# No sé si estén / están



## nagchampa

Do I use the subjunctive for a phrase like this?

I.e; "No sé si *estén* correctas."

Or is it just: "No sé si *están* correctas." ?

Gracias por adelantado.


----------



## Sköll

It depends. In Spain, subjunctive is not normally used in this sentence. In some Latine American countries it is used.


----------



## nagchampa

Thanks Sköll, do you know if the subjunctive is used more in latin America in general than in Spain?


----------



## Sköll

Sorry, I don't know that. My guess is: about the same with some rare exceptions. You found one of them.


----------



## señor apache

Cualquiera de las dos está correcta, sin embargo yo usaría la primera, con subjuntivo.


----------



## elprofe

En España no sé si es incorrecto, pero no he escuchado en mi vida : "no sé si estén correctas".
Aquí sería :"no sé si están correctas" o "no sé si son correctas" depende de a lo que te estés refiriendo...


----------



## nagchampa

Gracias a todos.

¿Hay otras sugerencias de los latinoamericanos?


----------



## Karo.

"Nosé si *estén* correctas" no me suena mal, pero yo usaria: "Nosé si *están* correctas"
En el caso de la primera opcion me quedaria mas comodo decir: "Dudo que esten correctas" pero el significado cambia un poco 


Saludos


----------



## Bookworm123

No sé si están correctos; se usa "estén" cuando uno habla de sí mismo y no ha decidido tomar una decisión al respeto a lo que se refiere. Por ejemplo, No sé si me vaya al concierto hoy. Se usa el indicativo cuando la acción no está en las manos del hablador, sino en alguna cosa que no dependa de quien esté hablando.


----------



## elprofe

"No sé si me vaya al concierto hoy" No tiene sentido tampoco...


----------



## Bookworm123

De verdad? Por qué? Leí una explicación que era muy semejante a lo que escribí en mi mensaje. Dijo que el subjuntivo se usa cuando el hablador tiene la voluntad de hacer la acción, pero no ha decidido qué va a hacer. En contraste, el indicativo se usa cuando la acción no depende de que piense el hablador, sino de otra cosa que esté fuera de las manos de quien hable.


----------



## elprofe

Bueno yo te estoy hablando del castellano de España...
A lo mejor esa frase si que es correcta en otros paises hispanohablantes, pero en España no.
Aquí diríamos: "No sé si voy a ir al concierto" 
Otra frase parecida sería :" No sé si ir al concierto" que tiene un significado parecido.


----------



## ErOtto

Bookworm123 said:


> De verdad? Por qué? Leí una explicación que era muy semejante a lo que escribí en mi mensaje. Dijo que el subjuntivo se usa cuando el *hablador* tiene la voluntad de hacer la acción, pero no ha decidido qué va a hacer. En contraste, el indicativo se usa cuando la acción no depende de que piense el *hablador*, sino de otra cosa que esté fuera de las manos de quien hable.


 
Coincido con *elprofe* en que tu ejemplo en España no se usa (casi diría que es incorrecto en todo tipo de español ... pero no pondría la mano en el fuego), al igual que en España no usaríamos *hablador* sino *hablante*. 
*Hablador* es el que habla mucho, hasta el punto de ser molesto.

Saludos
Er


----------



## chicanul

"no saber si + subjunctive" is common in some latin american countries including Mexico....

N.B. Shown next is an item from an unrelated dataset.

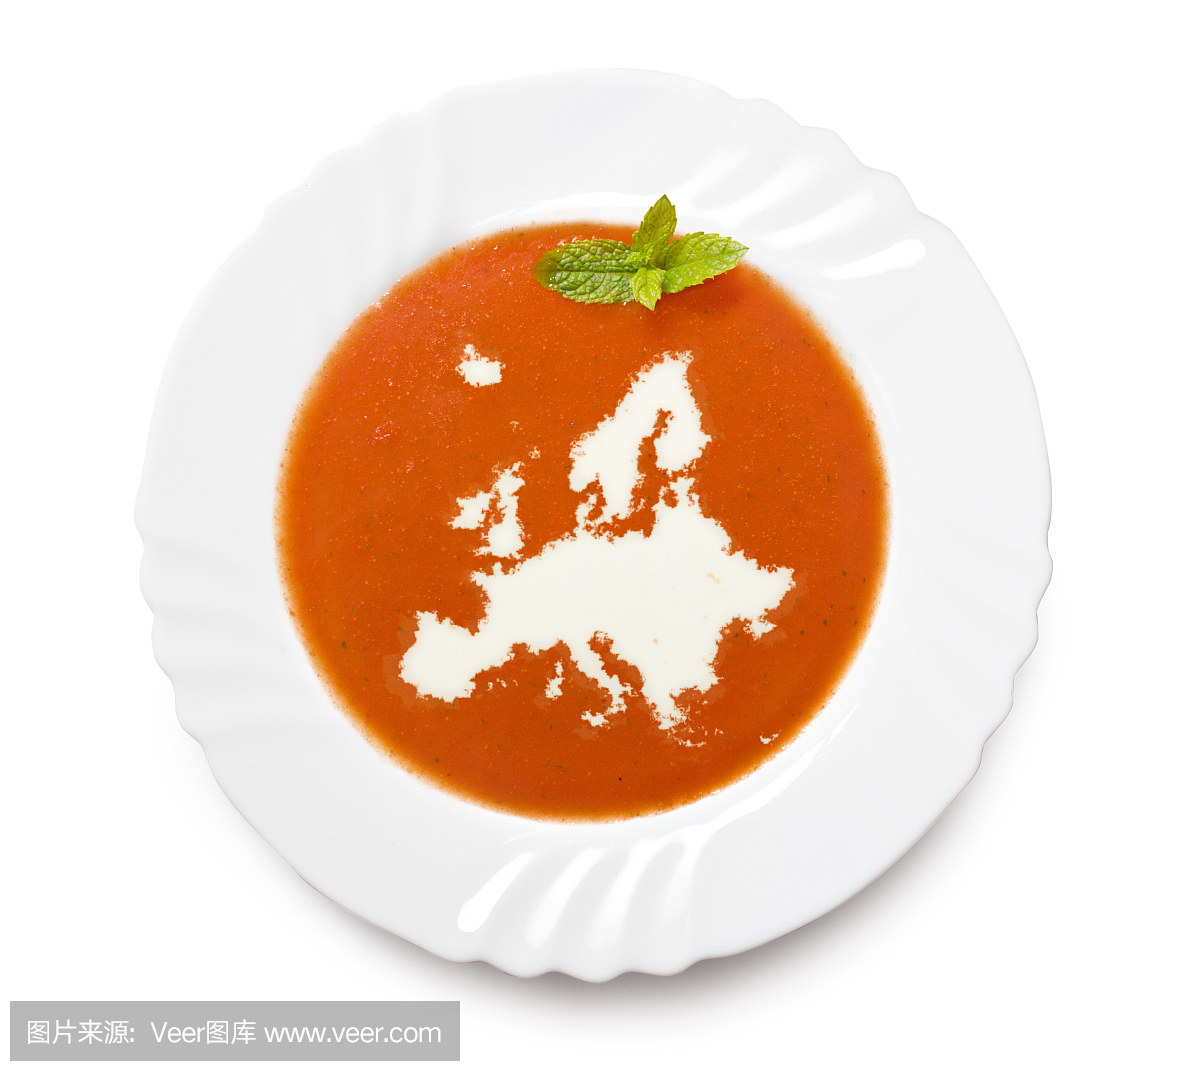 平板番茄汤与欧洲形状的奶油(系列)

My personal feeling is that this use is avoided in very formal settings and even in most formal ones....


----------



## jaxavi

Que yo sepa, solo se usa "no saber si + subjuntivo" en México. Puede ser que este equivocado pero cada vez que he escuchado esa construcción, ha salido de la boca de algún mexicano.


----------



## flljob

chicanul said:


> "no saber si + subjunctive" is common in some latin american countries including Mexico....
> 
> My personal feeling is that this use is avoided in very formal settings and even in most formal ones....


 
El uso del subjuntivo puede ser muy formal.
Te sugiero que veas el siguiente hilo: http://forum.wordreference.com/showthread.php?t=1258917


----------



## Bookworm123

ErOtto said:


> Coincido con *elprofe* en que tu ejemplo en España no se usa (casi diría que es incorrecto en todo tipo de español ... pero no pondría la mano en el fuego), al igual que en España no usaríamos *hablador* sino *hablante*.
> *Hablador* es el que habla mucho, hasta el punto de ser molesto.
> 
> Saludos
> Er


 

Gracias por la correción. No sé lo que me pasó a la mente.


----------



## flljob

Bookworm123 said:


> ¿De verdad? ¿Por qué? Leí una explicación que era muy semejante a lo que escribí en mi mensaje. Dijo que el subjuntivo se usa cuando el hablante tiene la voluntad de hacer la acción, pero no ha decidido qué va a hacer. En contraste, el indicativo se usa cuando la acción no depende de qué piense el hablador, sino de otra cosa que esté fuera de las manos de quien hable.


 
No sé si vaya al concierto.
No sé si iré al concierto.


----------



## Bookworm123

He escuchado mil de veces " No se si vaya..."  en Ecuador; entonces, no creo que mexico sea el unico pais en que se habla asi.


----------



## fiodor2

No se si iré...
No es seguro que vaya...

Si en la segunda frase es correcto el uso del subjuntivo es porque cambia la persona. 'No se si vaya' me suena fatal.


----------



## Bookworm123

Les suena fatal a los de países latinoamericanos?


----------



## Peterrobertini7

Bookworm123 said:


> Les suena fatal a los de países latinoamericanos?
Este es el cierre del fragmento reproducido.